The city wants to attract additional funding for environmental projects from both domestic and foreign investors, the report says, citing a director with the Energy Saving and Environmental Protection Office of the Beijing Economic Committee, Huang Qian.

The municipal government will also offer tax cuts or exemptions to both environmental protection enterprises and manufacturers, the report says.

China Mulls Transfer of Bad Loans

China is considering providing another "free lunch" for its state banks, shifting a large number of bad loans off their books and parking them in asset management companies where they may be bought by foreign and domestic institutions, the Financial Times reported.

Wang Weiwei, a deputy director-general at the economic restructuring office of the state council, said that the amount of non-performing loans that may be shifted from the books of the "big four" state banks would "not be more than the 1.3 trillion yuan" that was moved into the asset management companies, or AMCs, in 1999, the FT reported. Wang said the government hadn't made a final decision on whether to launch the second transfer of non-performing loans into the AMCs connected to the state banks.

"There is still some disagreement among people over the inherent moral hazard in this system," Wang said. "If we do it once again, then the banks may grow to rely on the system," he added.
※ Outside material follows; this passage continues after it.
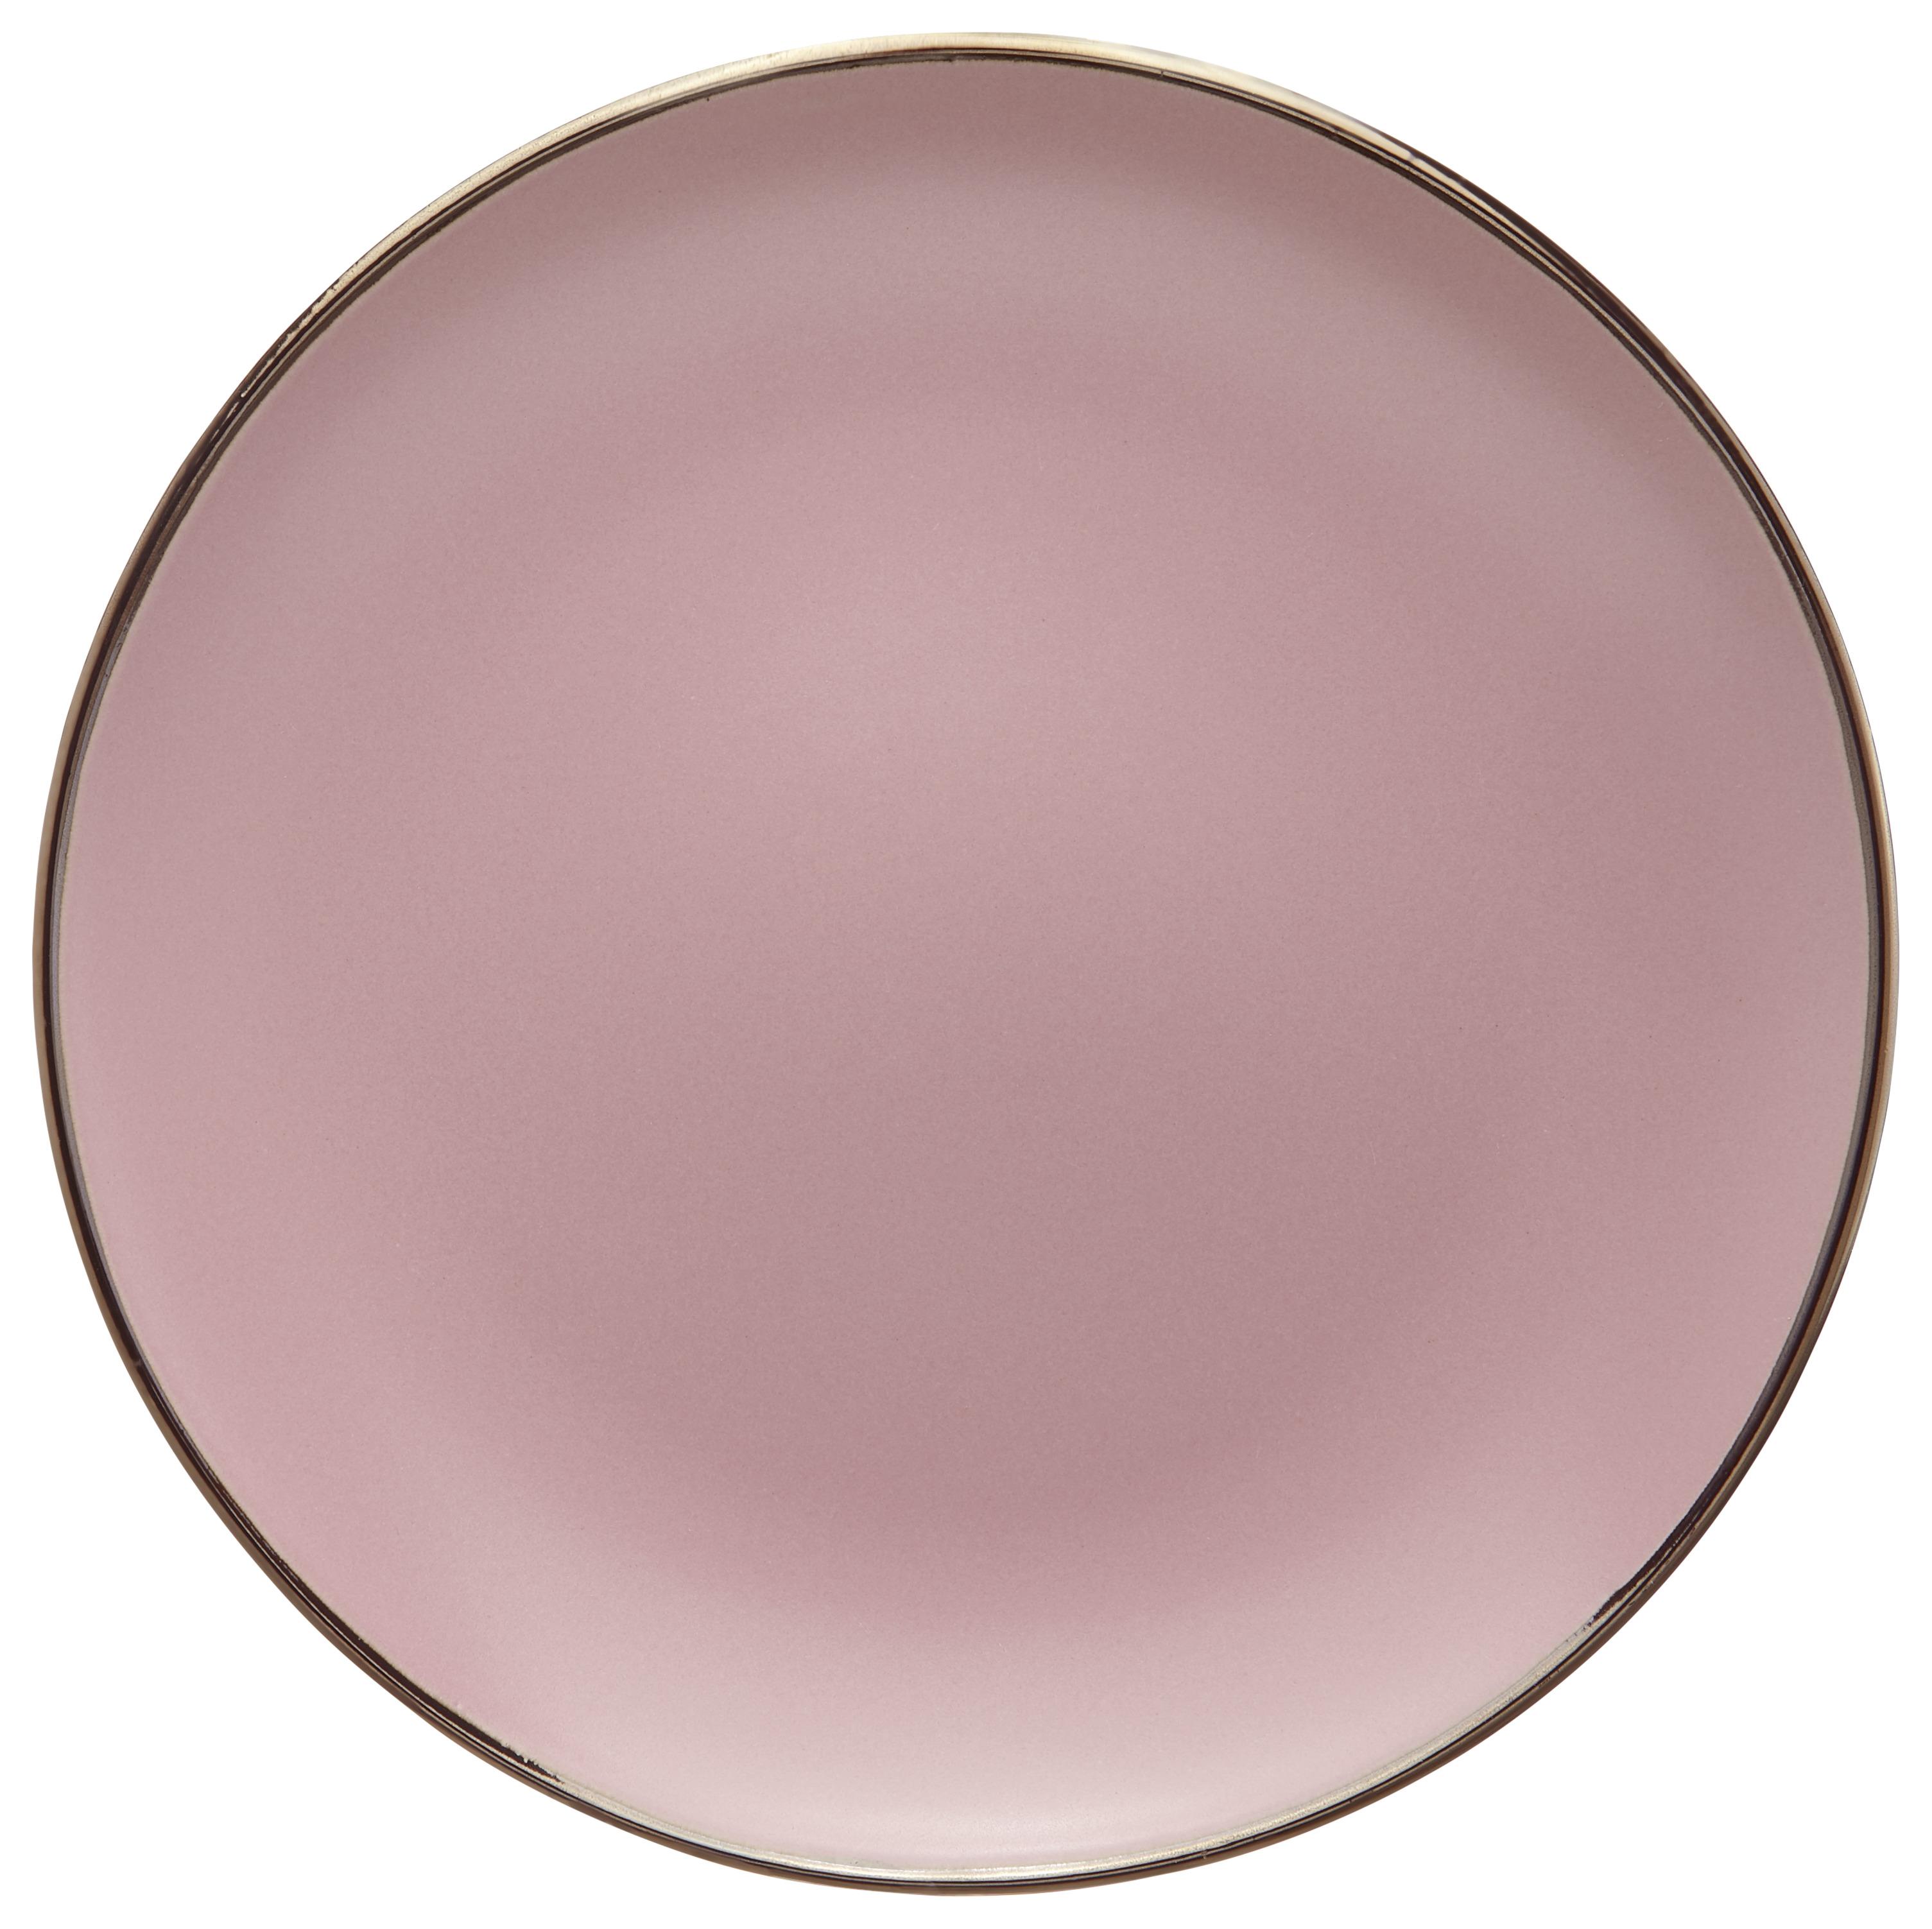 Frühstücksteller Maisie in diversen Farben - Rosa/Grau, MODERN, Keramik (20.4/2.4cm)

Dai Xianglong, governor of the People's Bank of China, the central bank, said after the first transfer of non-performing loans to the AMCs in 1999 that there would be no more "free lunches" for the state banks, meaning that the onus would be on the banks themselves to reduce their non-performing loans through better management and corporate governance.

But concern has grown among policymakers that leaving banks to whittle down their bad loan ratios by themselves could significantly delay their restructuring to well beyond the time that foreign banks are allowed to compete with them on a more equal footing in 2007, the FT said. Without having dealt with most of the bad loans on their books, the "big four" state banks will be hampered in their plans to list on the domestic stock markets, increasing the urgency of shifting non-performing loans into the AMCs.

The "big four" are Bank of China, Industrial and Commercial Bank of China, China Construction Bank, and Agriculture Bank.

China Aims to Double GDP by 2010 to US$2 Trillion

China is aiming to double its gross domestic product by 2010 to US$2 trillion using 2000 as a base year, said Finance Minister Xiang Huaicheng. "(Despite the strong growth), our average per capita national income is only US$840 ... we have just moved up to the ranks of lower middle-income countries," Xiang said at a forum of the 16th World Congress of Accountants in Hong Kong.

"Our objective is that by 2010 we will double China's GDP of 2000, reaching about US$2 trillion, achieve a noticeable improve-ment in our economic structure, and modest affluence of the people," Xiang added. Through adopting an expansionary fiscal policy to stimulate domestic demand, China achieved GDP growth of between 7 and 8 percent from 1998 to 2001 despite the backdrop of the Asian financial crisis and the global economic slowdown, Xiang said.

Xiang expects full-year GDP growth this year to come in at the high-end of the government's expected 7 to 8 percent range. The economy grew 7.9 percent in the first three quarters, Xiang said.

As a result of strong growth in trade and foreign direct investment, China's foreign exchange reserves also continue to increase, Xiang said. Xiang expects foreign exchange reserves to increase by between US$60 billion and $70 billion this year. China's foreign exchange reserves stood at US$258.6 billion at the end of September.